What I *do not* have is Mental Strength, and I’m Traumatised and Fragile. I cannot bear being told that basically I should do nothing but “hope” I can walk “one day”, because nothing else is good enough, and anything else is entirely… Pitiable.
So… What, then? I genuinely do not understand… Why is it so not OK to be like this, like me, that I’m being pitied and told to invest in false hope by a physiotherapist? One who dismissed what small (or huge, to me…) progress I had made, in favour of sweeping statements of disingenuous pity and false hope?
Am I supposed to twiddle my thumbs in the Lobby of Life, waiting for the 0.000000000001% chance I *may* feel or move my legs again? I have a better chance of winning the lottery… and I never play it. Am I now just some-thing… That I’m not worthy to do anything else, I I have no use of my legs? Am I just to sit around and be Pitied? Is that supposed to be it, now? That “walking should be the bee-all-and-end-all of life and everything” is… life-limiting. Debilitating. Disabling.
To me, it’s a rediculous notion for anyone to have… And for it to be utterly despicable in a damned physiotherapist.
I’ve spent a long time trying to build up to having confidence in being in a chair. This made it all come crashing down. Swept away, destroyed, what little confidence I had started to develop in myself as an active wheelchair user. I cried — and I do not cry easily, if ever. I’d worked so hard to feel some self-worth in being a wheelchair user and physically incapable. Now, it was gone.
I do not wish to sit in Limbo, waiting for some fantasy “Maybe” (which isn’t real at all). I’m not putting things on hold anymore — I’ve been pushing myself to go ahead and be Me, which includes having Wheels and getting on with things. Even if its small things.

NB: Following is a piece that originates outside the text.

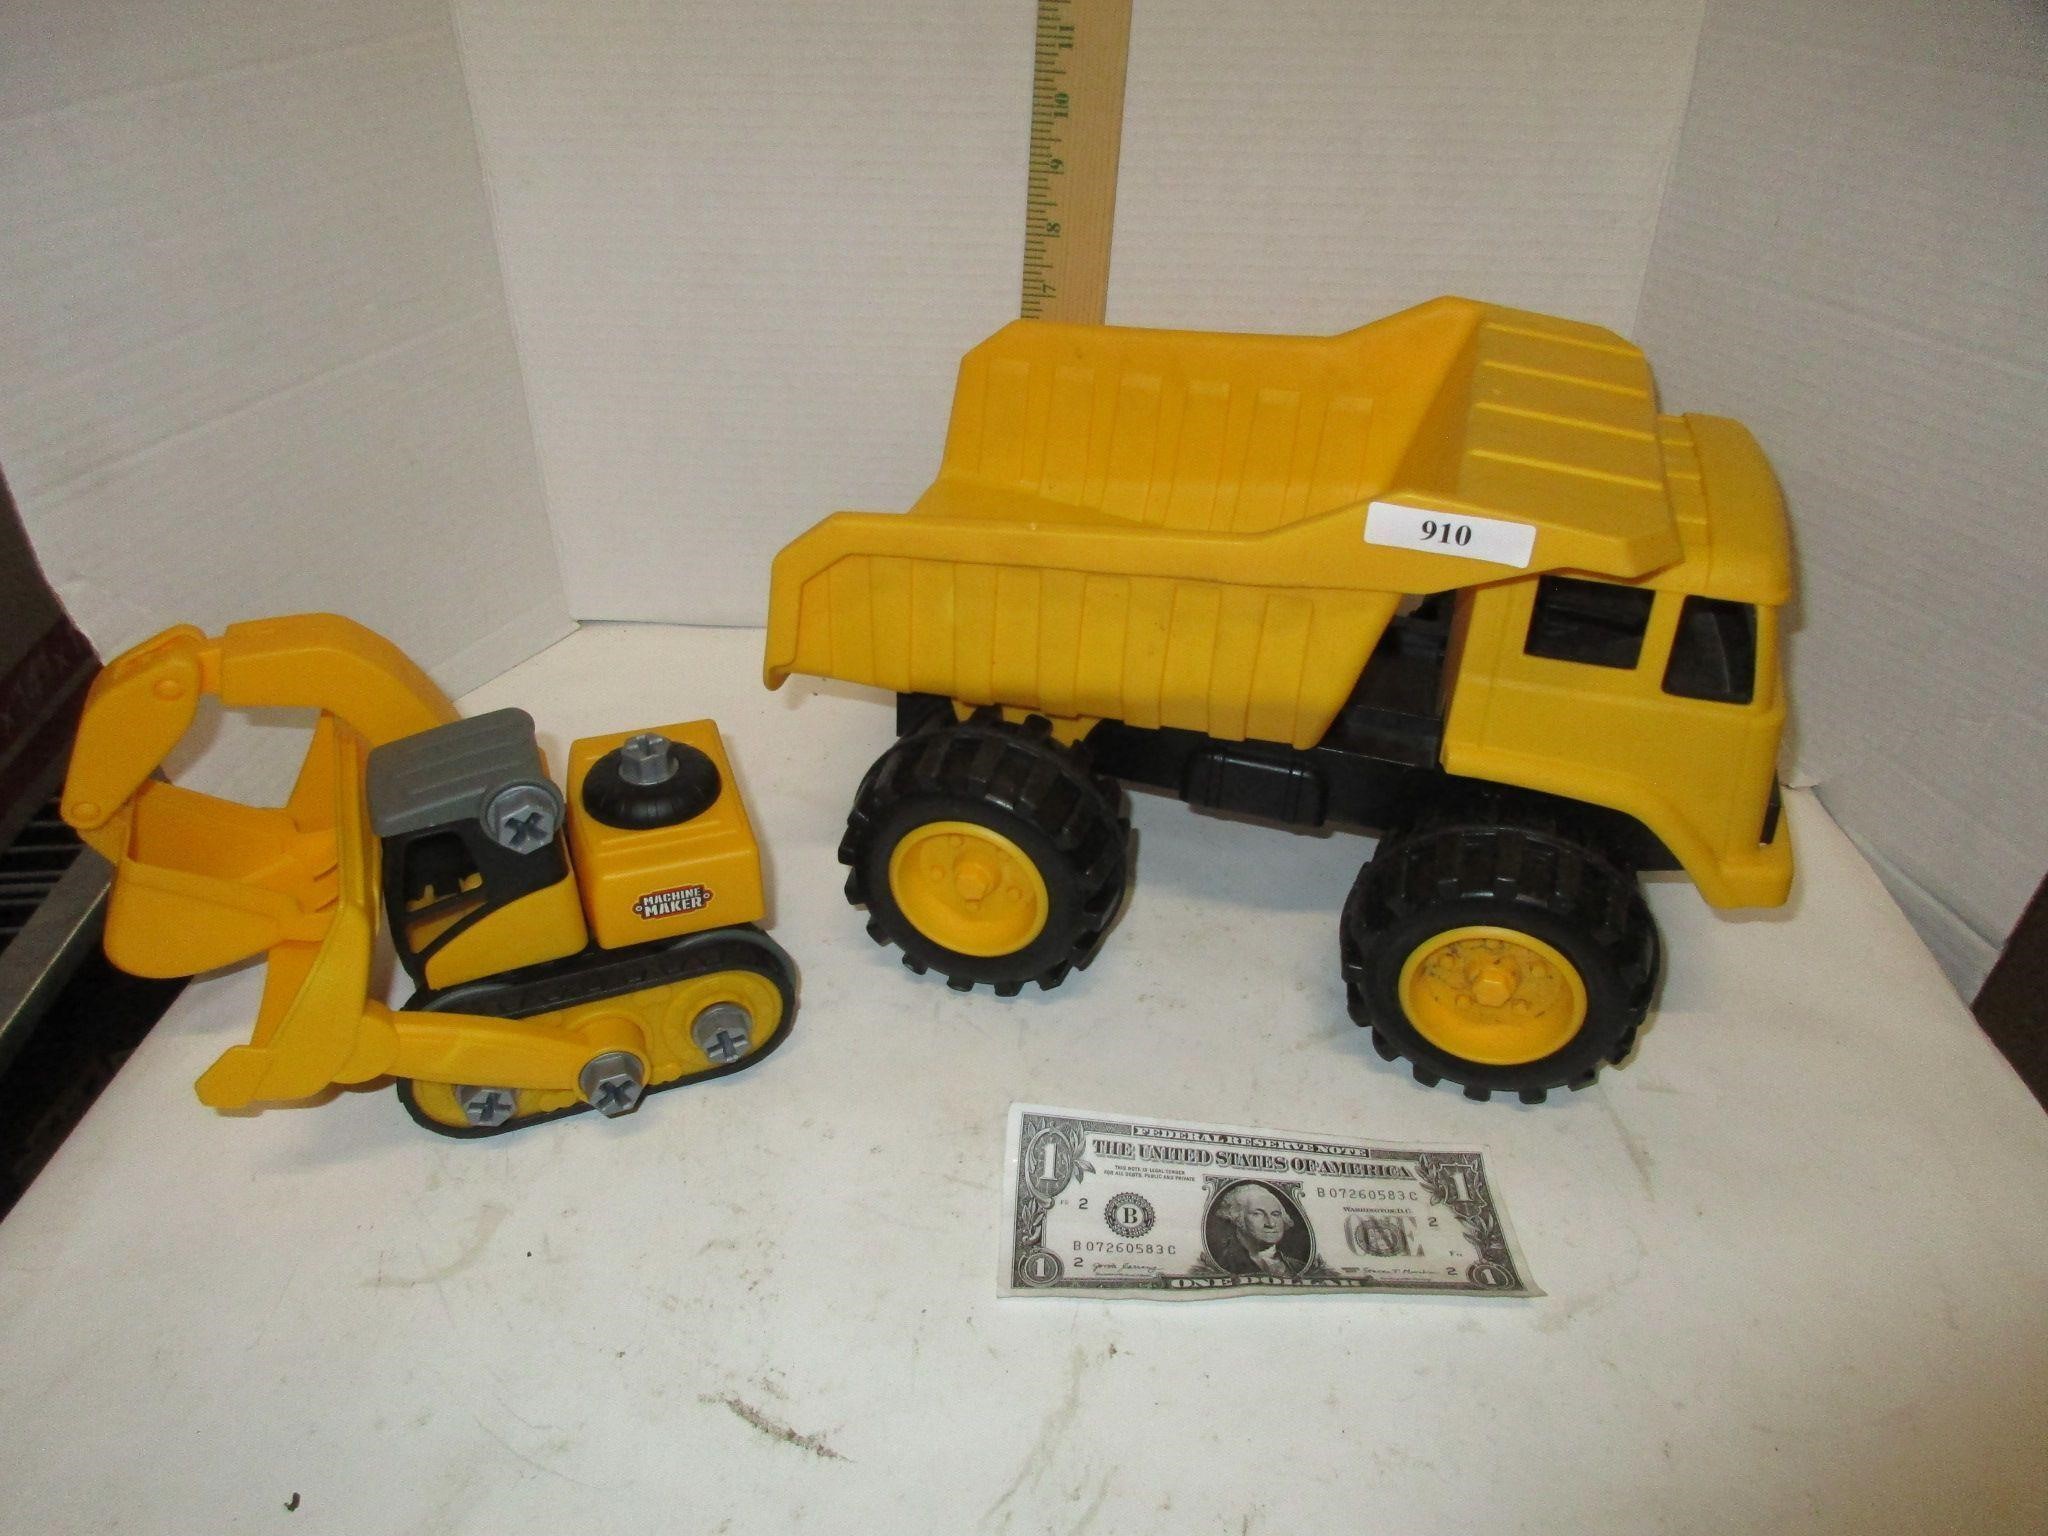 Toy dump truck with caterpillar

I don’t know if I have the… verbal sophistication?… to fully explain what I mean. Why it hurts, damages, so much. Nothing I’ve written here, or could write, could convey, that is accurate to how much this affects me and hurts me. Harms me.
I feel Depression inside, with its special brand of Extreme Anxiety & Sad. They’re playing their part well, and strongly. Inflicting their “Bad Feels” upon me, and more than occasionally drowning me in them. Making all these things worse, communication and processing longer. Meaning this “incident” with the physio made everything 10,000 times worse.
It’s all become a bigger mess now. This has been added to my brain as yet ONE MORE TRAUMA to deal with. It shouldn’t be like this.
There really is only so much that a person can take… and I passed my limit a long time ago.
Anxiety and Chaos rules my mind. It feels like it’s been long buried under mountains of agonising pain, sorrow, grief. Fibro-Fog, medication, and more and more Chaos and Anxiety. I can feel my mind still there, calling, struggling to be freed, to be heard… yet, there seems to be so little I can do about digging it back out.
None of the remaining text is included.